The 1997 Disney Renaissance classic Hercules pits its titular hero against all sorts of monsters and gods from Greek mythology, but the film’s central conflict arguably manifests itself as an inner battle within Hercules, himself.
He asks—through song—whether he can “go the distance” and “find where [he] belongs.”
As a character, Hercules is established as a well-meaning but clumsy reject in his community with a tendency to misjudge his own strength and make costly, destructive mistakes.
He eventually finds where he belongs after going on a quest to prove himself worthy to his father, Zeus. Hercules is offered a chance to reclaim his own stolen god-hood but turns it down to remain on Earth and pursue a new life as a mortal.
It’s a fun movie with great songs. What does it have to do with the 2020-21 Calgary Flames? Glad you asked.
Neither the Flames nor the Montreal Canadiens seem at all intent on locking down the fourth and final playoff spot in the NHL’s North Division. Calgary boasts a 4-6-0 record in its last 10 games; Montreal, 3-7-0.
That said, at this point in the season, that spot is likely out of the Flames’ reach. Calgary sits six points behind Montreal in the standings and has played two more games than their Québécois rivals. It would take a miracle to supplant them in the playoff picture.
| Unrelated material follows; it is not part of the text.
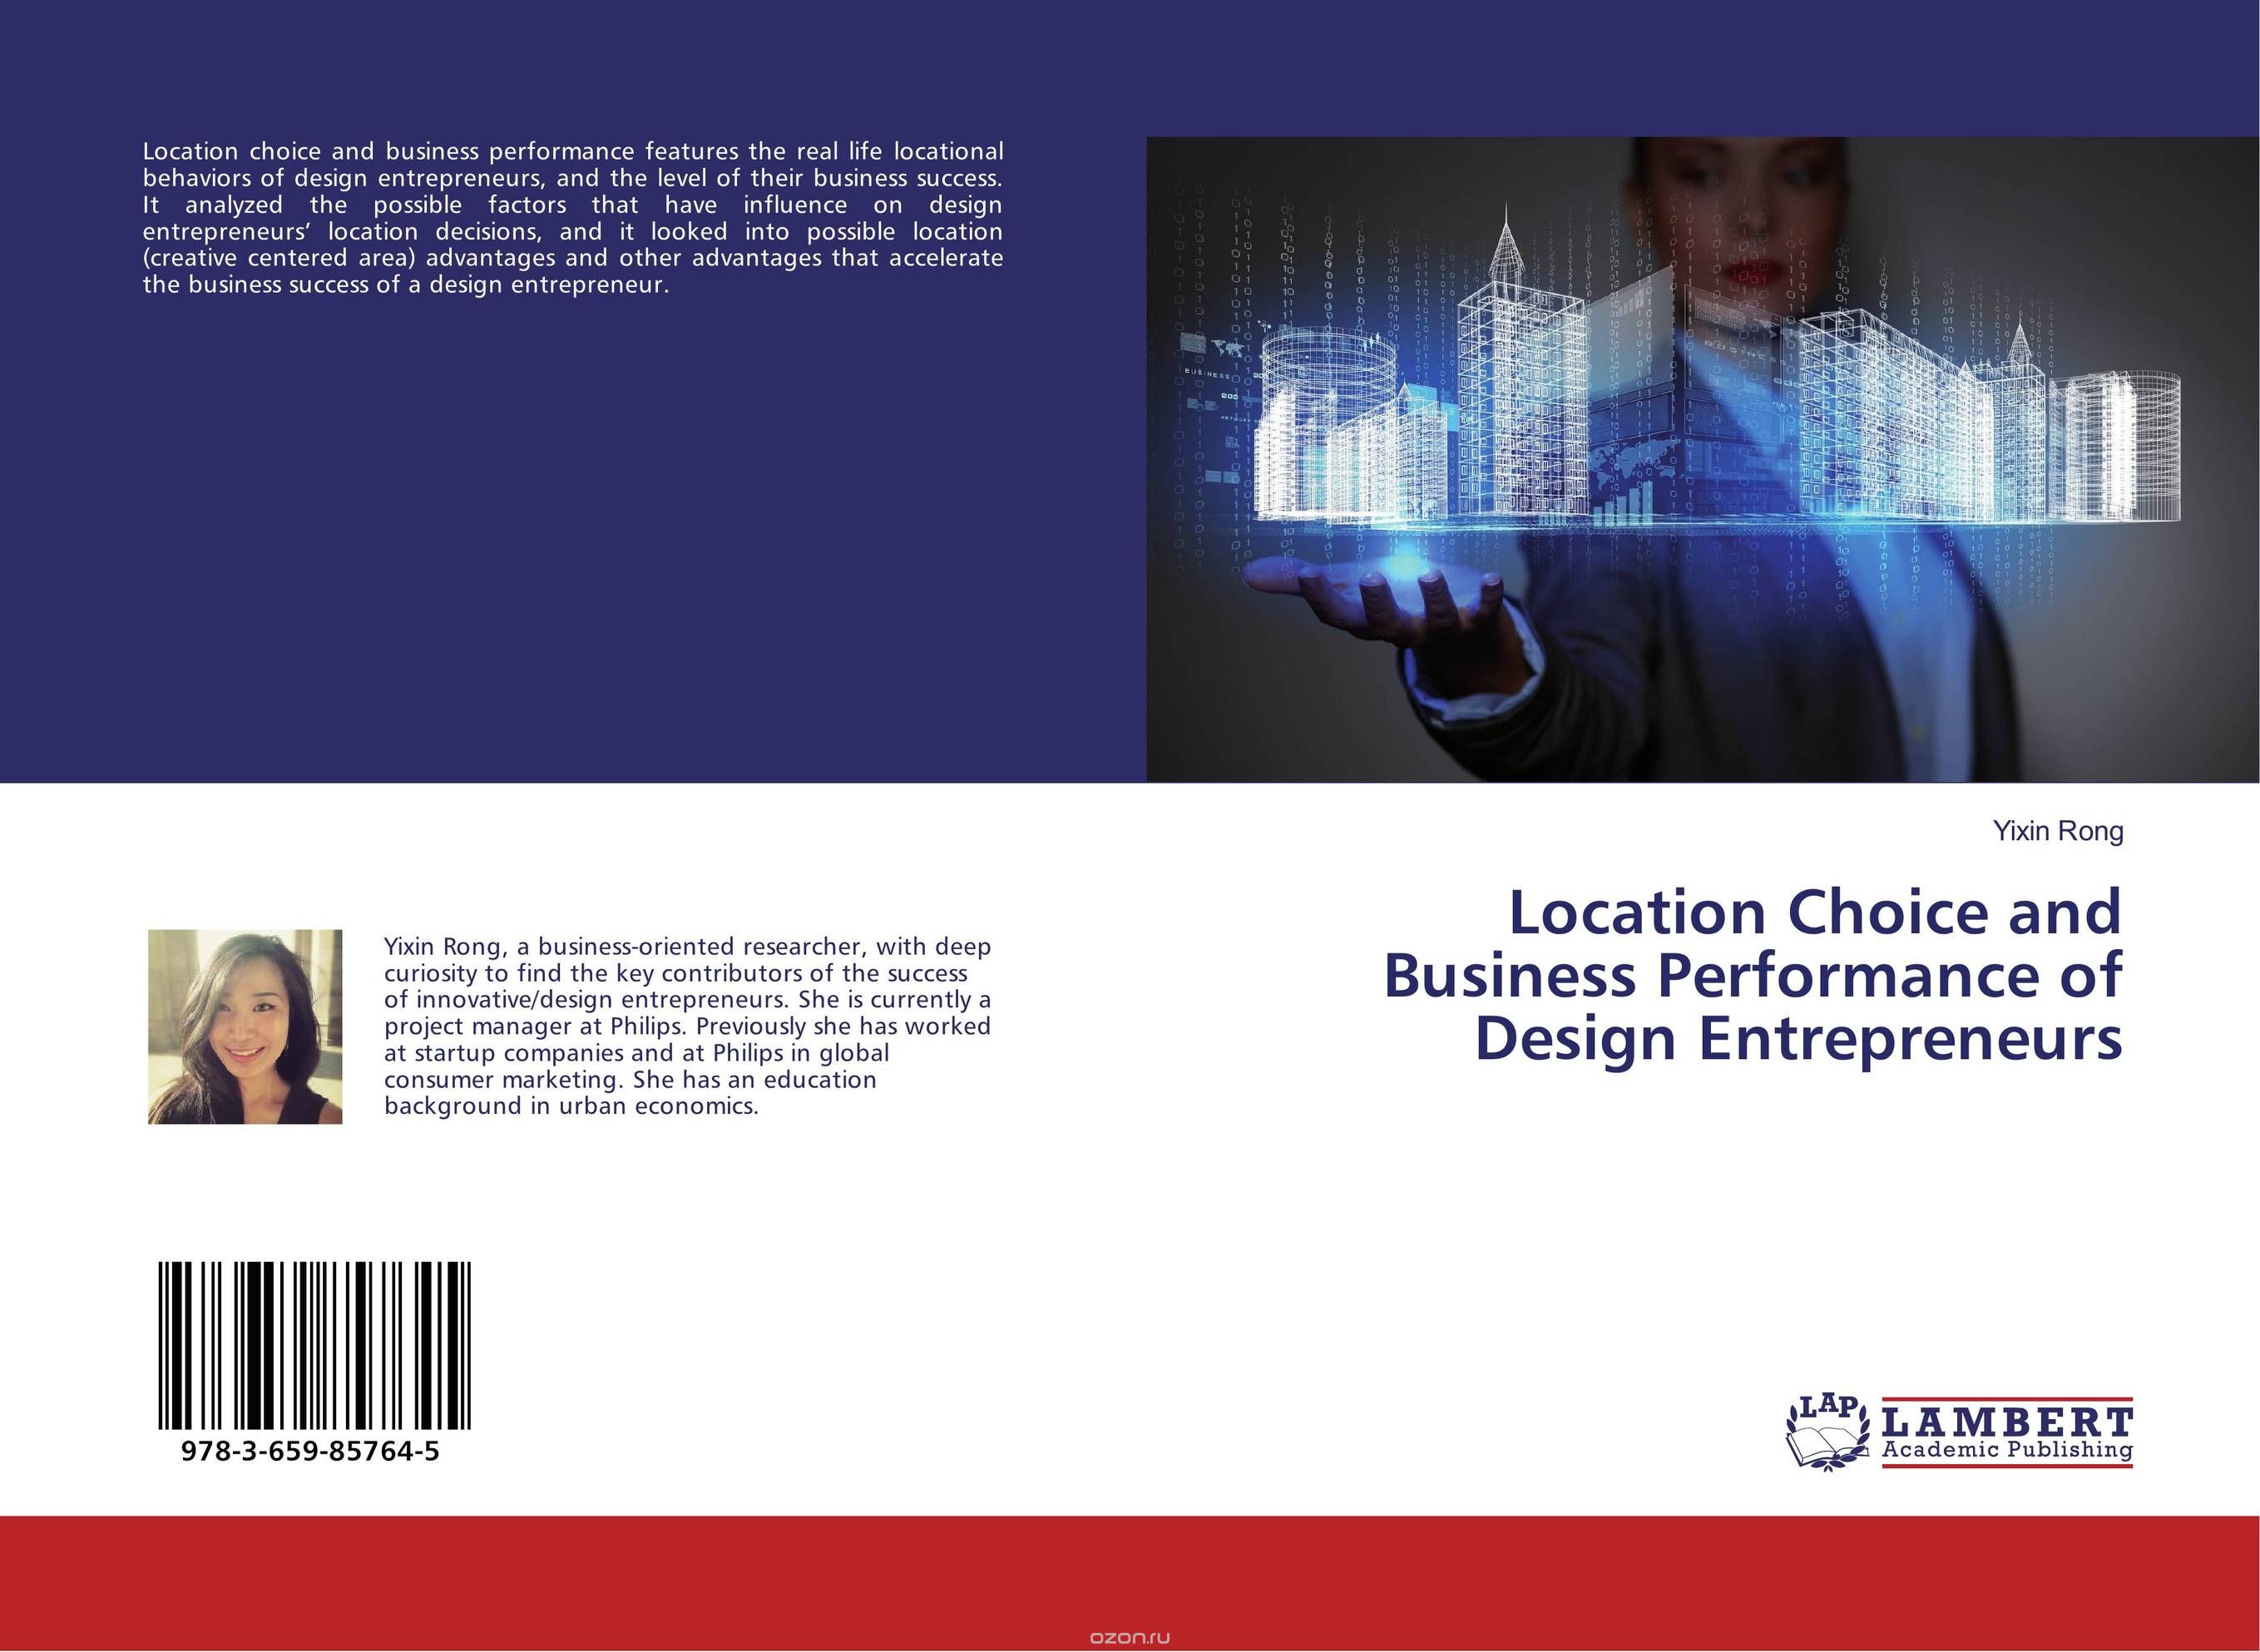 Скачать книгу "Location Choice and Business Performance of Design Entrepreneurs"
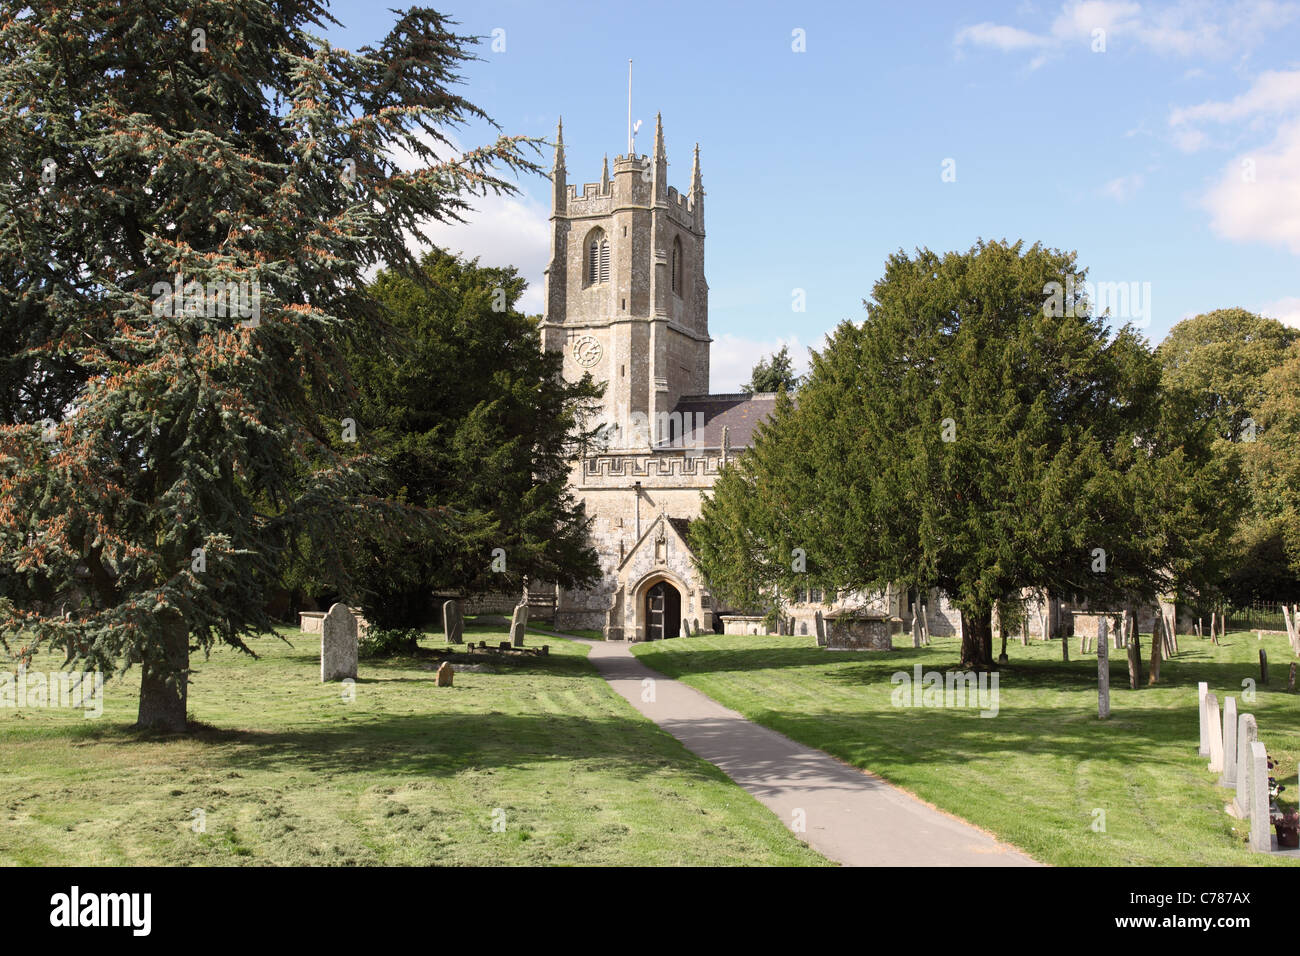 The church of St James, Avebury, Wiltshire, England, UK Stock Photo

And, really, where do the Flames belong? Even if they somehow have the ability to complete their quest and make the playoffs at Montreal’s expense, would it matter? Would it not be more deleterious for Calgary to go on an improbable run and, ultimately, finish one point out of the playoffs? With the way the Flames’ roster is currently constructed, it seems unlikely picking 15th would give them the help they need.
Perhaps the Flames should embrace their, er, mortal status. Each game, they dress a veteran-laden lineup resembling Darryl Sutter’s Stanley Cup-winning Los Angeles Kings of yesteryear.
With low-risk (but low-upside) options like Joakim Nordstrom, Michael Stone, and Brett Ritchie playing every night, the Flames seem intent on cosplaying as a gritty playoff team despite being nowhere near contention. Calgary may have just six fewer points than Montreal, but the Ottawa Senators sit only five points behind Calgary. What does that say about this Flames team?
Ottawa is a rebuilding team with young players in key roles at all positions. Brady Tkachuk would be the youngest player on the 2020-21 Flames, but he’s one of four 1999 birthdays on the Senators and he’s still older than Jacob Bernard-Docker, Shane Pinto, and Tim Stützle.
Calgary’s current goal is to contend but, this season, they’re not doing that particularly well. The Flames have lost six of their eight meetings with the Senators this season, likely surrendering their ticket to the playoffs in the process.
The Flames boast the eighth-worst points percentage in the NHL and are surrounded by teams stacked with young talent. But, while their playoff-bound provincial rival rewards its most promising AHL prospect with a recall and a commitment to get him into game action, Calgary has kept many of its impressive younger offensive talents in the minors all season.
21-year-old centre Adam Ruzicka was sent back down to the Stockton Heat on Saturday after a brief recall to the Flames which saw him play zero NHL games. Matthew Phillips, Ruzicka’s uber-skilled linemate, has yet to receive the call this season and still awaits his NHL debut. Connor Mackey has already emerged as one of the AHL’s top defensemen but remains with Stockton to make room for Stone and Nikita Nesterov to play with the Flames.
Sutter is a competitive coach who has consistently favoured veterans in the past. It’s worked out for him—just take a look at his trophy case. At this point, though, the writing is on the wall for this Flames team. It’s been there, getting darker with each passing game, for over a month.
Do these Flames belong in the playoffs? No. It’s time for them to embrace their mortality as a non-playoff team and look to the future. The Flames can recall four Heat players after the trade deadline and they should make use of that ability to the fullest extent.
Until they make that pivot, the Flames will likely be putting themselves at a disadvantage for the future. If, someday, the Flames want to go the distance, they should start training now.